Я рассказал об этой беседе моей матери, и она отказалась от лечения. Почему же врач дал один ответ, когда я спросил, что он рекомендует, и совершенно другой, когда я спросил, как бы он поступил, если бы речь шла о его матери? Врач знал, что его мать не подаст на него в суд, а я могу это сделать. Задавая вопрос о его матери, я изменил угол зрения, под которым он смотрел на данную ситуацию. Вот это и есть то простое практическое правило, которое часто оказывается полезным:

Не спрашивайте ваших врачей, что они вам рекомендуют, а спрашивайте их, что бы они сделали, если бы речь шла об их матери, брате или ребенке.

Но у истории моей матери есть продолжение, которое хотя и не имеет отношения к оборонительной медицинской практике, но иллюстрирует слабое понимание врачами важности медицинских доказательств.
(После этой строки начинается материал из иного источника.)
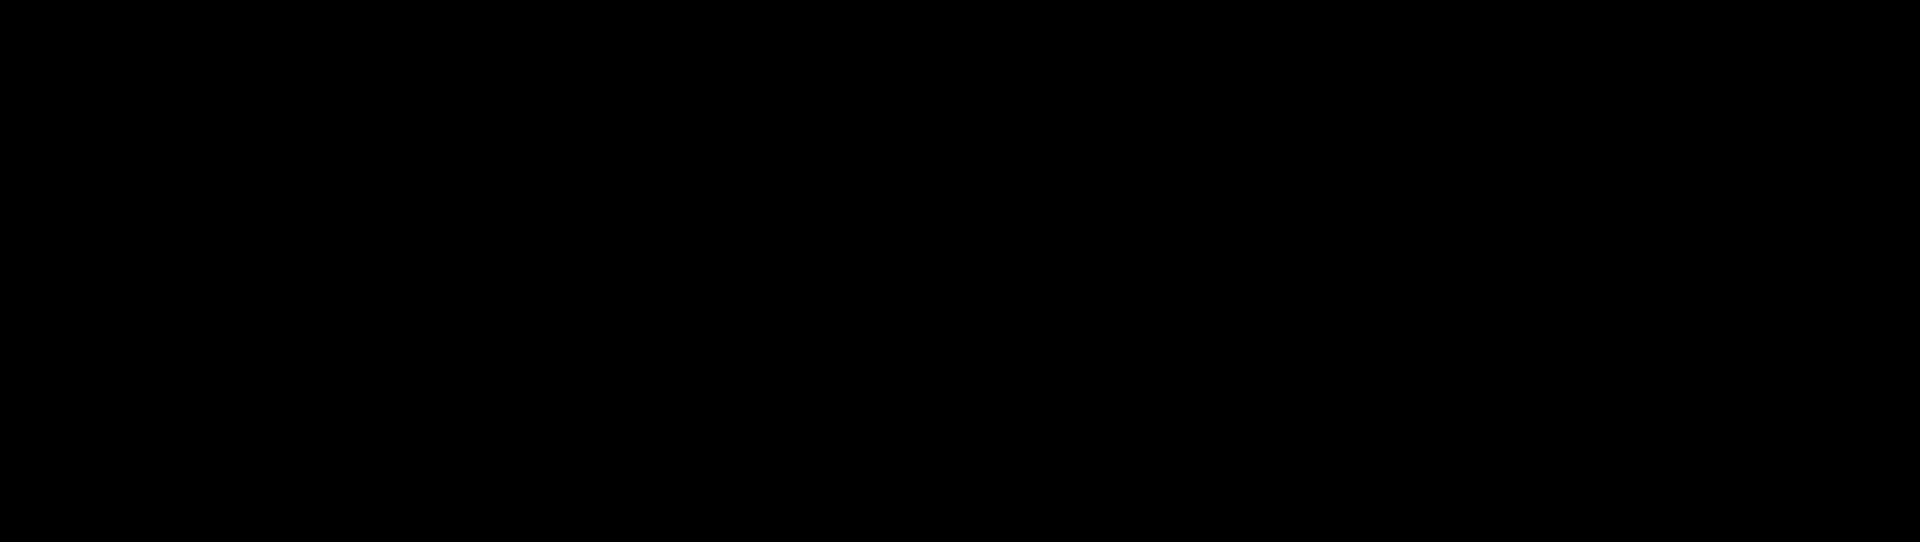 Wilhelm Röntgen signature
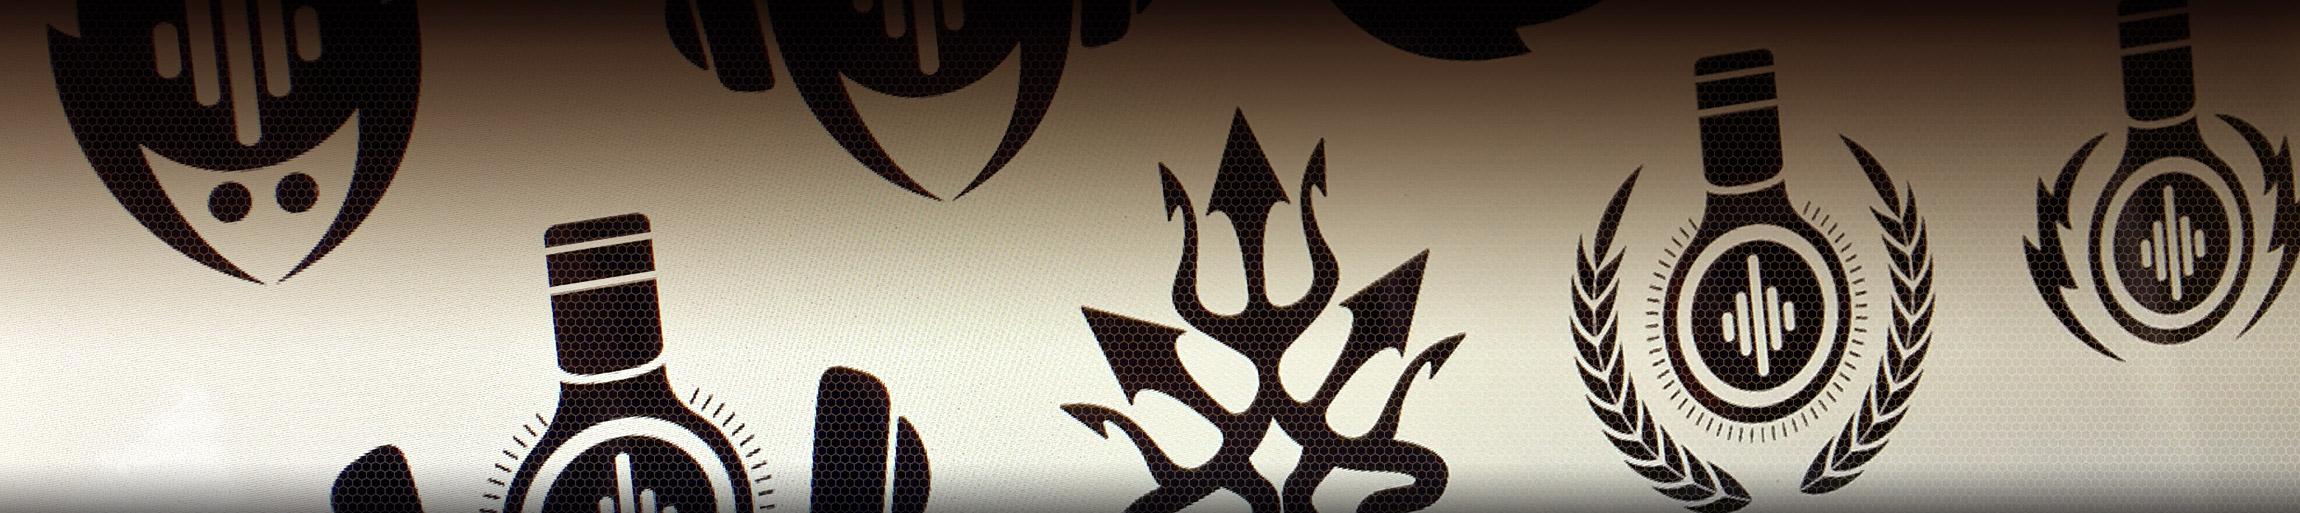 Identity / Logo Design Header Plantronics Icon - Graphic Regime

Через несколько лет моя мать начала терять зрение на левый глаз, причем по той же самой причине. На этот раз она решила, что должна воспользоваться своим последним шансом, и я не стал с ней спорить. Найдя специалиста по фотодинамической терапии в городе, где жила моя мать, я связался с ним по телефону. Вот как протекал наш разговор:

«Вам нужно понять, что лечение не приводит к полному исцелению, все, что оно может, – это остановить дальнейшее развитие слепоты. И вам нужно понять, что успех лечения никому не гарантирован и что развитие слепоты можно остановить с вероятностью 50 %», – объяснил мне этот специалист.

«Мы воспользуемся шансом», – подтвердил я.

«Возможно, вам придется повторить лечение неоднократно, если оно не поможет с первого раза».

«А цифра 50 % относится к первому курсу лечения или к 4–5 последующим курсам?»

«К первому, и то же самое можно сказать о втором. Снова 50 %».

«Но это хорошая новость, потому что она означает, что после пяти курсов успешный результат почти гарантирован – более чем у 90 % пациентов развитие слепоты будет остановлено, потому что…»

«Нет, нет, – прервал меня врач. – После любого числа курсов лечения вероятность все равно составляет 50 %».

«Но тогда вторая и последующая попытки не добавят ничего, не так ли?»

На другом конце провода последовала долгая пауза. Я почти что слышал, как шевелит мозгами мой собеседник.

«М-да. – Похоже, он также осознал проблему. – Мне нужно время, чтобы перечитать статью в медицинском журнале».

Я также провел собственное исследование. Врач говорил о вероятности одиночного события: в 50 % случаев развитие слепоты останавливается. Как мы видели в главе 1, такие цифры часто вводят нас в заблуждение, потому что ссылочный класс не уточняется. Речь здесь может идти сразу и о всех пациентах, которые пройдут лечение единожды, и о нескольких, которые пройдут его несколько раз. В данном случае цифра 50 % относилась к пациентам, проходившим лечение неоднократно. Далее, вероятность остановки развития слепоты в 50 % не содержит исчерпывающей информации сама по себе. Ее нужно сравнивать с вероятностью развития слепоты при отсутствии любых усилий по исправлению ситуации. В статье сообщалось, что у 38 % населения процесс ухудшения зрения прекращается без всякого лечения{67}. Это означает, что не 50 %, а всего лишь 12 % получают пользу от фотодинамической терапии. Затем я выяснил, что остановка развития слепоты не означает реального прекращения этого процесса: она лишь определяется как снижение остроты зрения не более чем на три линии. Многие из тех пациентов, которые получили «выгоды» от лечения согласно данным этого исследования, в действительности столкнулись с дальнейшим снижением остроты зрения. Кроме того, были возможны различные негативные побочные эффекты лечения: некоторые пациенты сообщали о нарушениях зрения и ослаблении зрения после прохождения лечения. Наконец, что также немаловажно, в разделе, посвященном конфликту интересов, я обнаружил, что исследование финансировалось той же компанией, которая производила дорогое лекарство, используемое при лечении этим методом, и что некоторые авторы были сотрудниками или платными консультантами этой компании.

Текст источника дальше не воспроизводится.